Tale preoccupazione potrà sembrare eccessiva, ma con il senno del poi posso garantire che era ampiamente giustificata. Nel 2015 l’aeroporto di Mosca si trovava nel pieno di un radicale maquillage strutturale; il gate da cui ci saremmo imbarcati per Pechino, infatti, si trovava in un’altra ala del grande aeroporto, ma il tragitto per raggiungerlo era proprio quello interessato dai lavori. Oggi ci si sposta con una navetta: all’epoca bisognava fare affidamento unicamente sulle proprie gambe.

Resoci conto della difficoltà, abbiamo iniziato a camminare fin da subito. Il tempo era sufficiente, questo è vero, ma la difficoltà della signora Anna a deambulare rallentava la marcia e costituiva un ulteriore fattore di preoccupazione. Dovevamo infatti procedere per brevi tratti e poi fermarci a riposare. La foto di questo articolo testimonia proprio uno di questi momenti di sosta. Con pazienza e perseveranza, mettendoci più del dovuto, abbiamo raggiunto la meta appena in tempo.

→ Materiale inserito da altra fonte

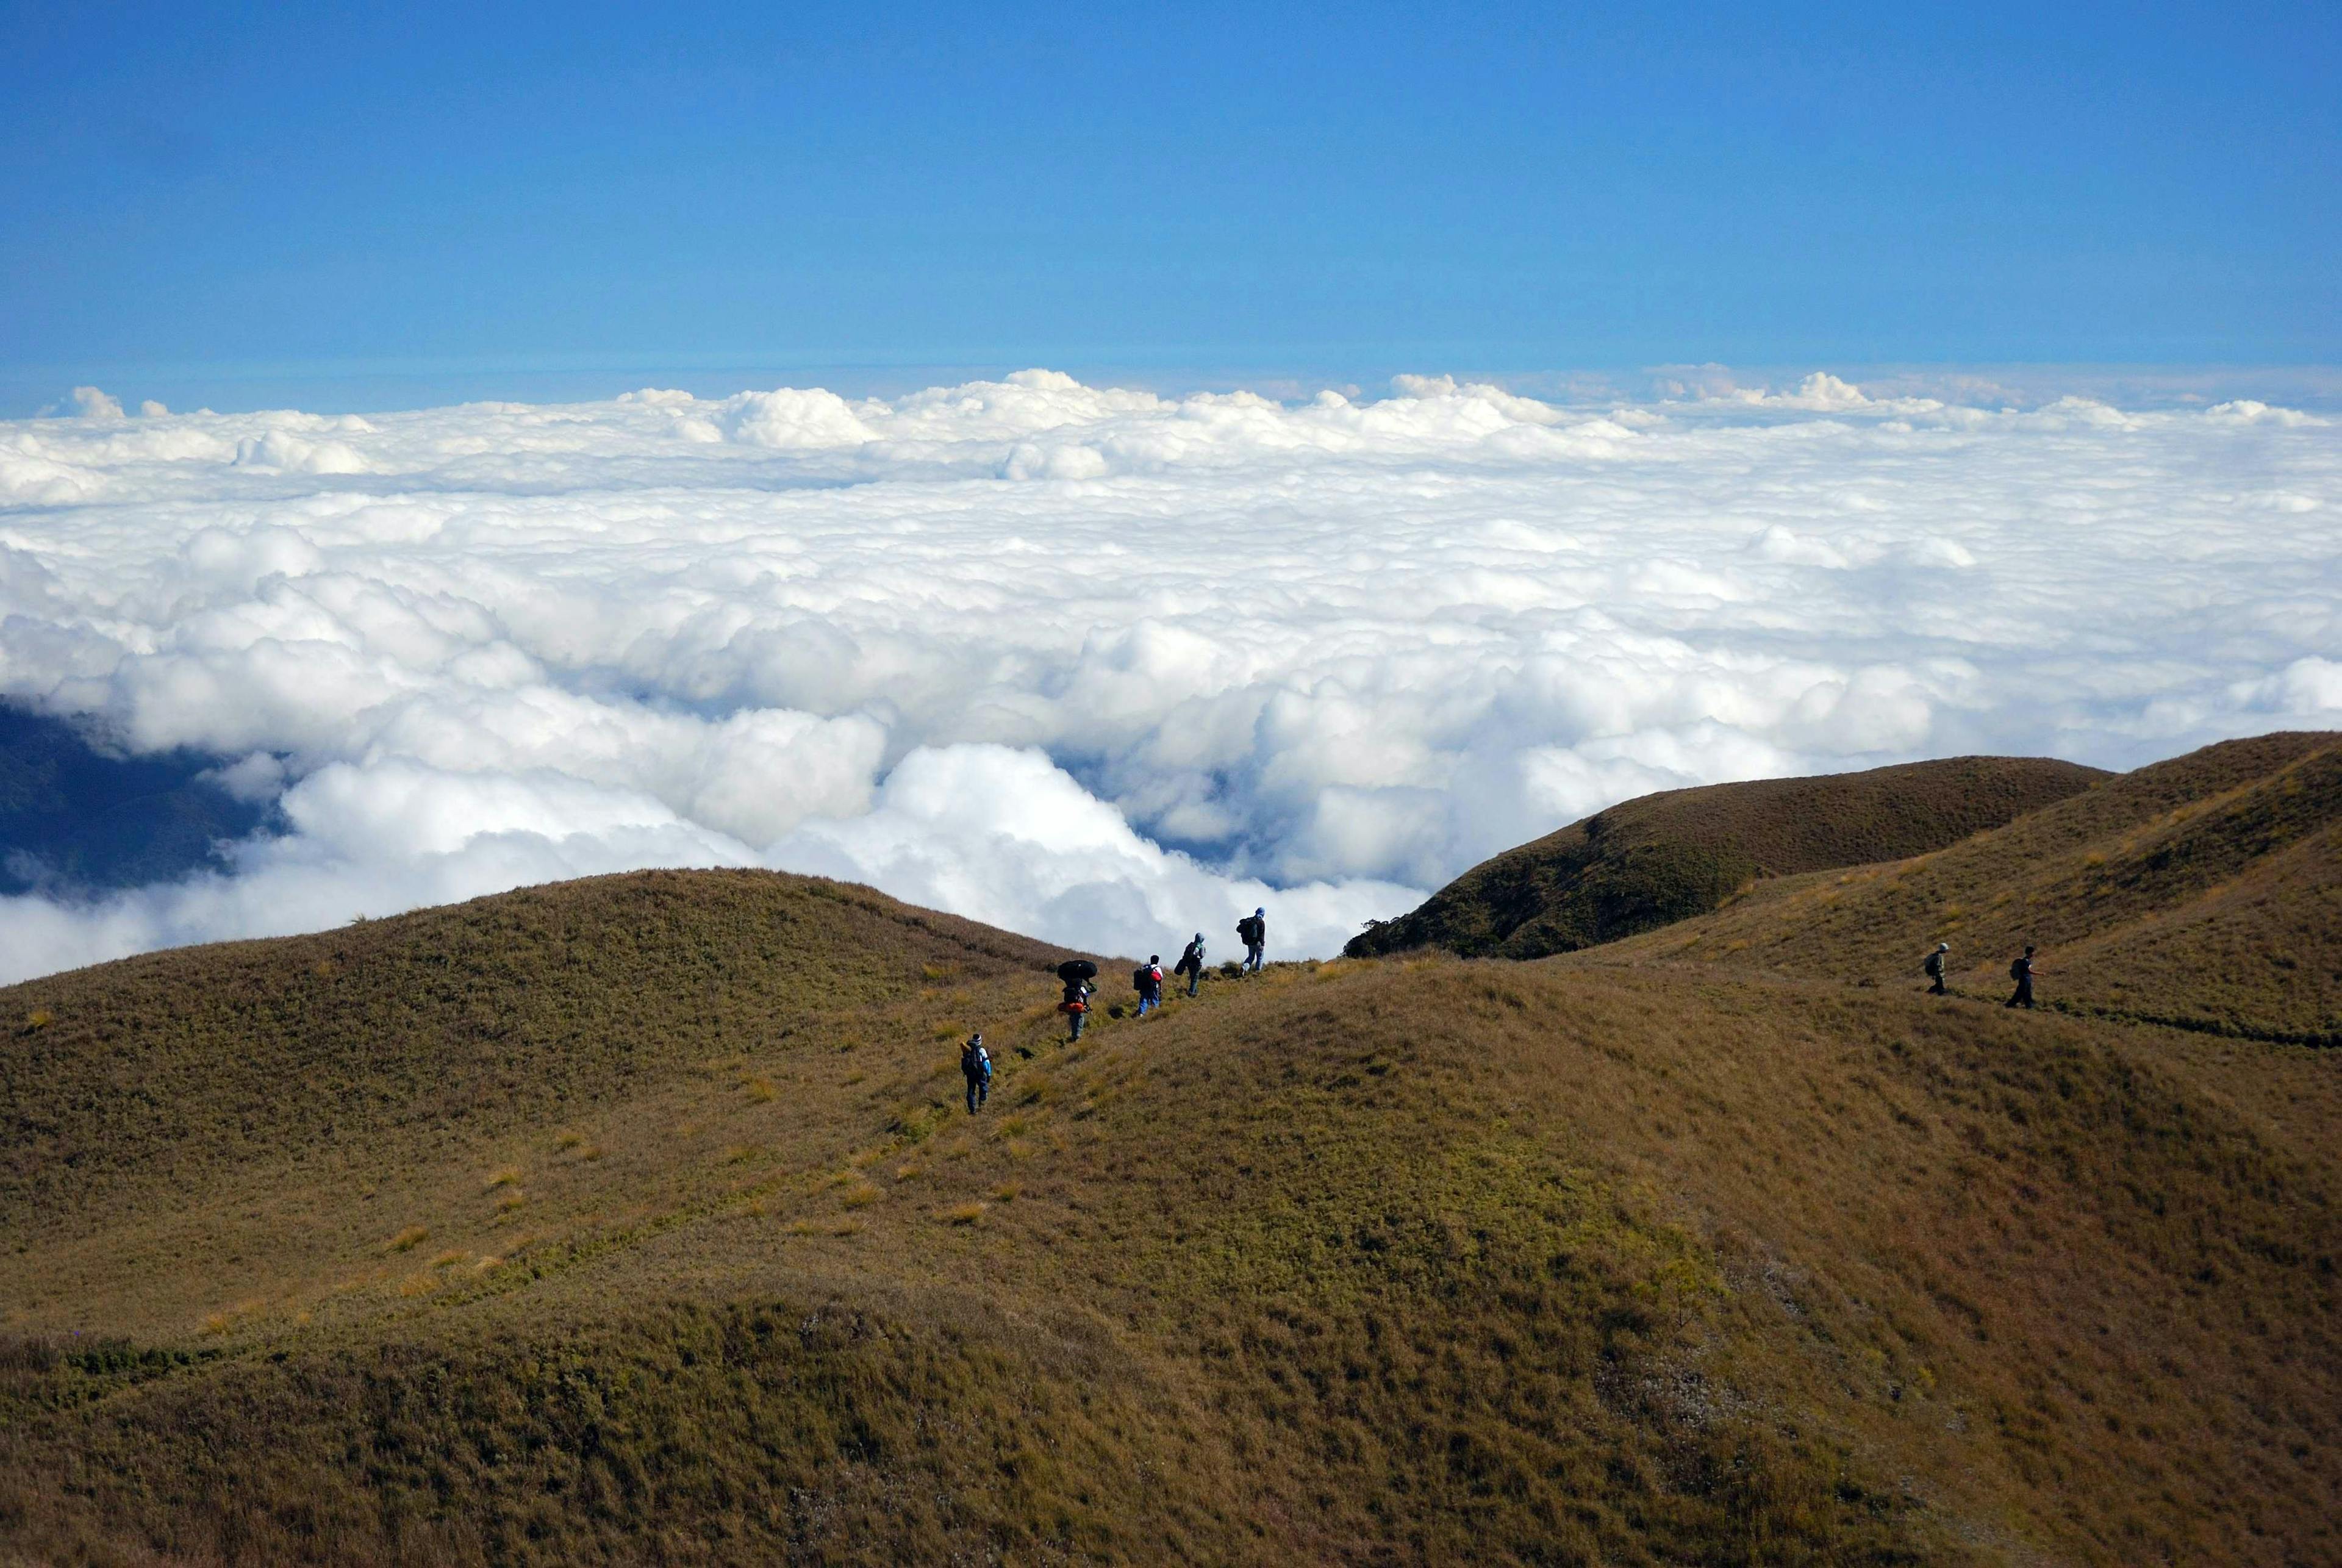 Mount Pulag in Philippines.

Mi ricordo che da lontano, una volta giunti nell’ala giusta dell’aeroporto, scorgevamo le ultime persone attraversare il cancello di uscita per l’imbarco. Un ultimo sforzo da parte della signora Anna, che è stata bravissima, pur soffrendo molto quella camminata a strappi, e siamo riusciti ad arrivare al gate; ed eravamo letteralmente gli ultimi ad entrare!